At first, Bubba was worried that, due to excessive drinking, he could not pass the blood protein test, but then he discovered that if he drank a bit of ketchup before going to the center, he would pass all the tests.

Bubba knows that theoretically donors like him — homeless, alcoholics, or people who have suffered serious injuries — should be sent to prison for providing false information. "Everybody lies. No one answers their questions honestly, ”he admits.

After talking with Bubba, I thought that other countries did not want to allow trade in plasma on their territory and more successfully restrict the import of plasma collected for money from the United States for precisely this reason. Should we ban a homeless alcoholic from taking plasma - for his safety and ours?

Gabriela, the 51-year-old mother of three children, started to build eight years ago when she was fired from the civil service because of the reduction. She admits that she began to lie on medical examinations when she realized that she was too thin to be weighed. Gabriela, in her words, "put on excess clothing to meet the minimum kilogram in 49." She knows that other plasters, often homeless, use foot weights for this purpose.

48-year-old Kevin Crosby became a plasma ten years ago to provide a six-year-old daughter. “For some reason I felt empty every time.
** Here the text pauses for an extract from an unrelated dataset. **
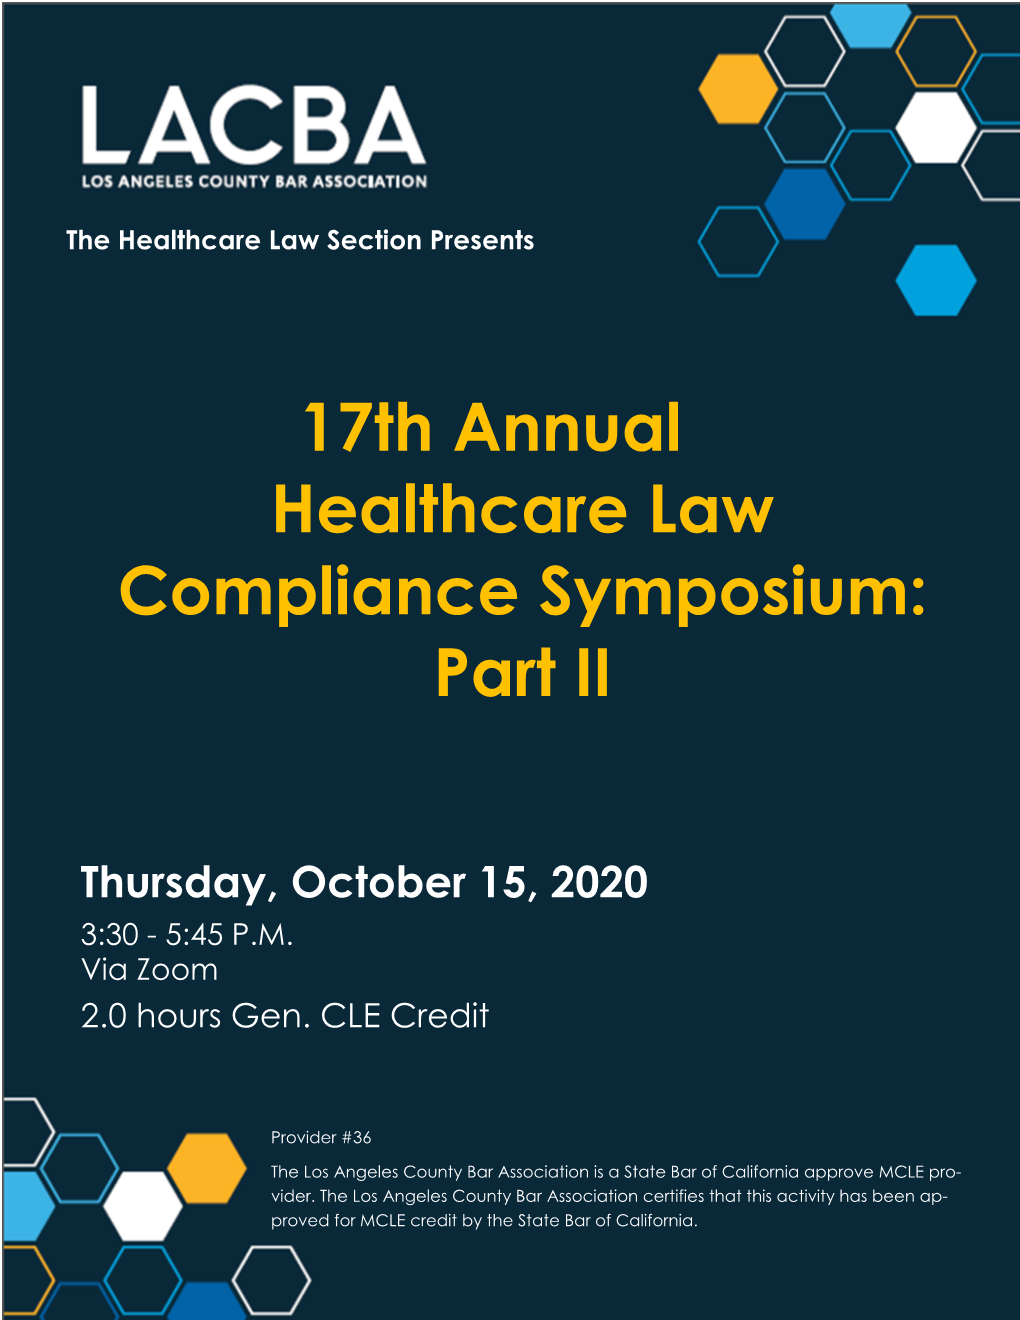 17Th Annual Healthcare Law Compliance Symposium: Part II

And the next day was often tired. Then, about five years ago, when I worked as a security guard and went out on the night shift, this strange fatigue fell on me again. I do not know what happened, but I woke up on the floor. The bosses blamed me for falling asleep, but I know it was a swoon, ”he recalls.

Crosby fainted several times - once it happened even behind the wheel: “I had to curb. I sat there for a few minutes and could not come to my senses. Terribly frightened.

Other Western countries are very careful, if they allow commercial plasma collection on their territory at all. Their authorities set mandatory two-week intervals between visits to the centers. They must be very surprised when they find out how things are in the US.

After all the conversations, it seemed to me that two sessions a week was simply unwise. The rate needs to be revised. Do not forget about the possible health problems to which donors are exposed: stress, poor nutrition and poor conditions in donation centers.

I talked to thirty permanent donors. CSL and Yale Plasma. More than half of them reported constant tingling in the limbs, pain, weakness in the legs and severe dehydration. They admitted that they actually live on the streets, lie on medical examinations and use different “tricks” to circumvent the tests for the level of protein in the blood. Under such conditions, the plating became hard work for them, but as many said, “there will be nothing to eat without the plating”.